Boston Globe gives iPads to classrooms, reimagines NIE for the digital age

The Boston Globe is giving iPads, projectors and free Boston Globe digital subscriptions to local public school classrooms in a digitally reimagined version of the Newspapers In Education program.

A major goal of longstanding NIE efforts has been to hook young readers on the print habit by dropping off free newspapers in schools and incorporating their content in lesson plans.

But that logic has faltered in recent years, the Globe's Robert Saurer told me.

"We kind of walked away from NIE a little bit -- we didn't know what to do with it. We didn't really believe that a 10- or 15-year-old reading print in school is going to continue on later to be a print reader in their 20s and 30s," said Saurer, who is director of customer experience and innovation. "But a digital Globe reader in schools today might, in fact, turn into a digital Globe reader in their 20s and 30s."
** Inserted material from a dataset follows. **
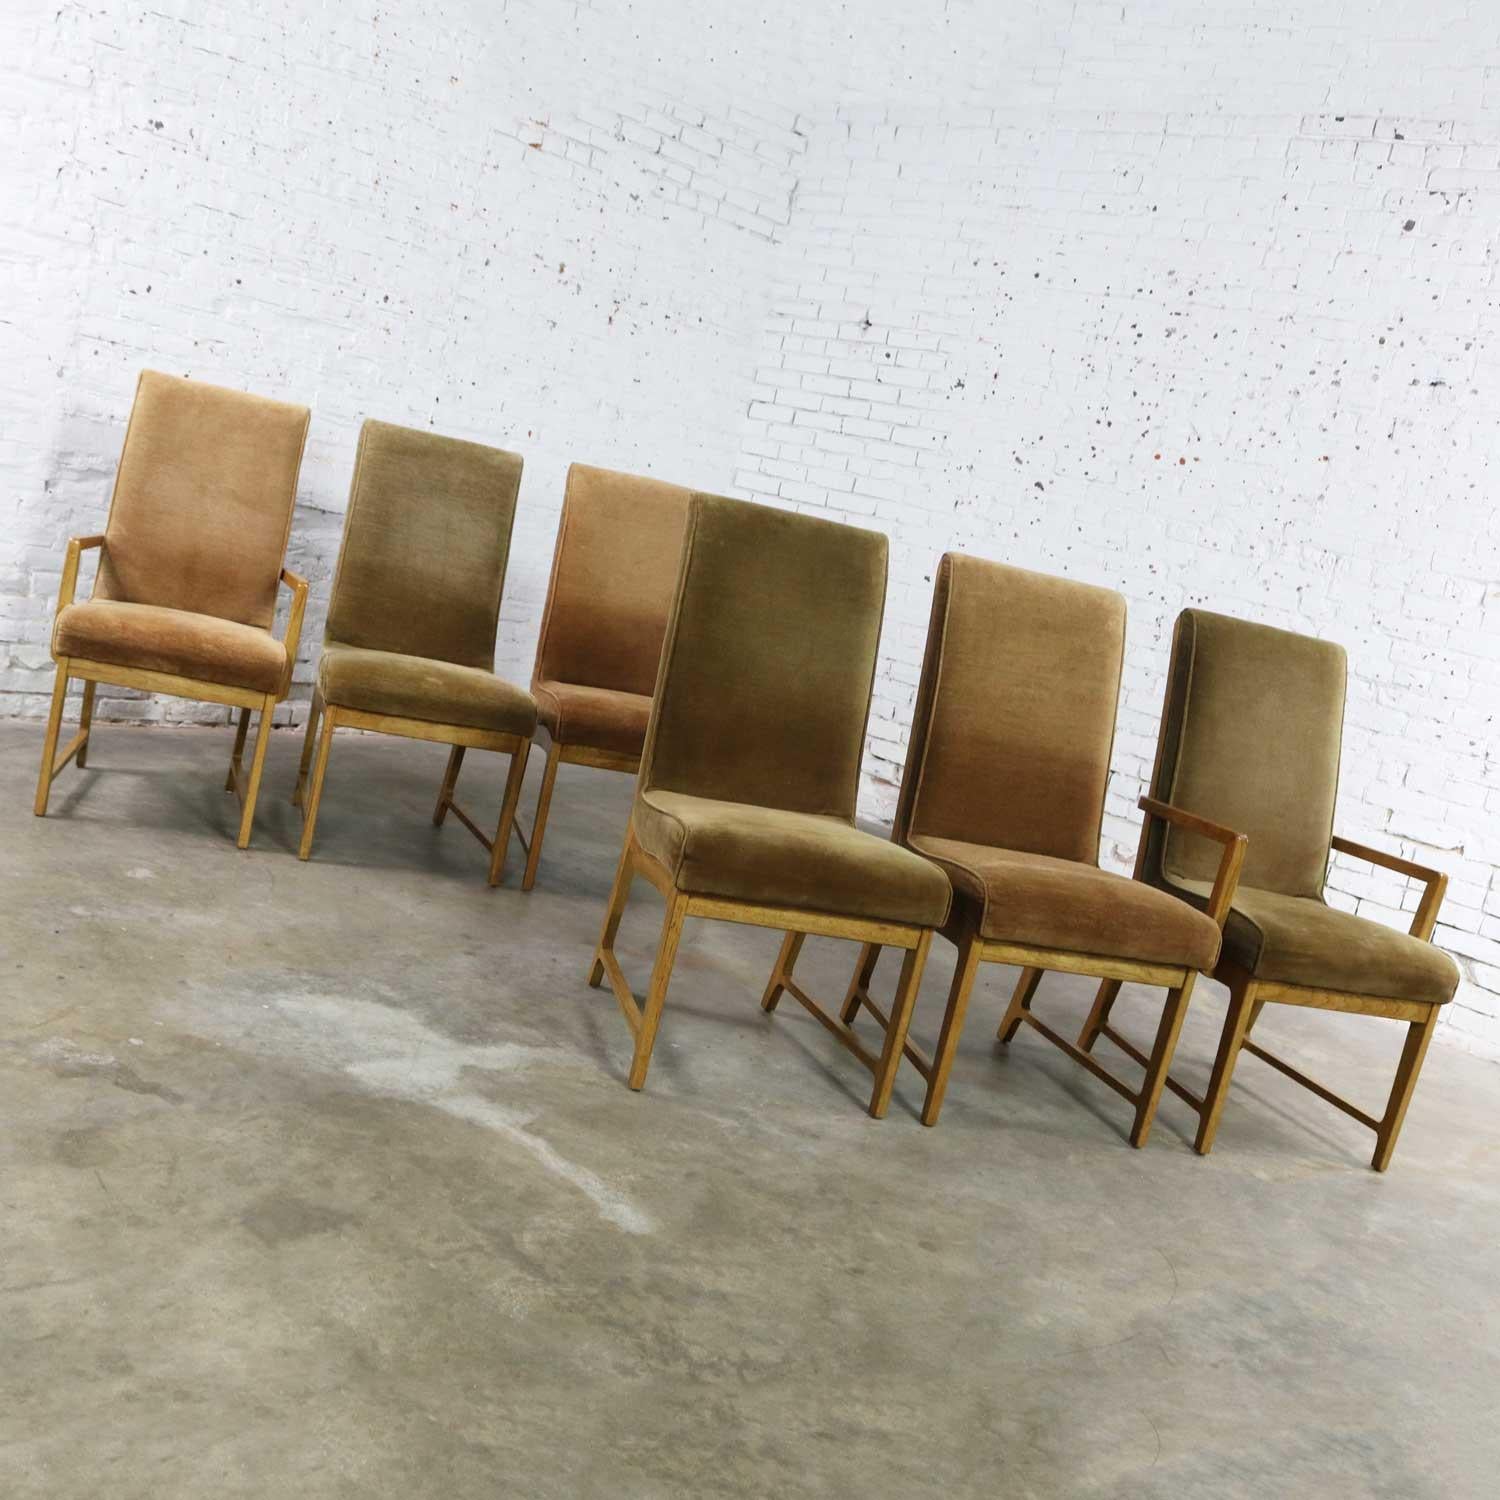 6 Modern Style Vintage Dining Chairs Velvet Scoop Seats Bernhardt Flair Hibriten 1

So the iPads-in-the-classroom approach gives the Globe a fresh angle to hook young readers in a digital format. But it's also a chance for the Globe to learn about how the next generation uses digital media.

The iPads aren't just for reading the Globe digitally -- they can be used in classrooms for all purposes. "We want to just gauge the use case," Saurer said. "They don't have to go to Globe content ... We just want to get a sense of what they're doing news- and information-wise."

It also gives students chances to be much more engaged. With print papers, they could read and discuss. With tablets, students can interact with content and create their own media -- such as a newscast-style video that they present to classmates.

This approach shifts the cost structure of NIE significantly, but on the whole may not incur extra expenses. The Globe has to invest in the technology up front, but then digital delivery saves all the costs of physically printing and delivering the thousands of papers to schools each day.

The pilot project equipment -- about 75 iPads or projectors so far, with 75 more coming soon -- costs about $65,000, Saurer said. It is supported by the traditional NIE funding source -- print subscribers who donate the monetary value of their subscriptions while their delivery is suspended for vacations.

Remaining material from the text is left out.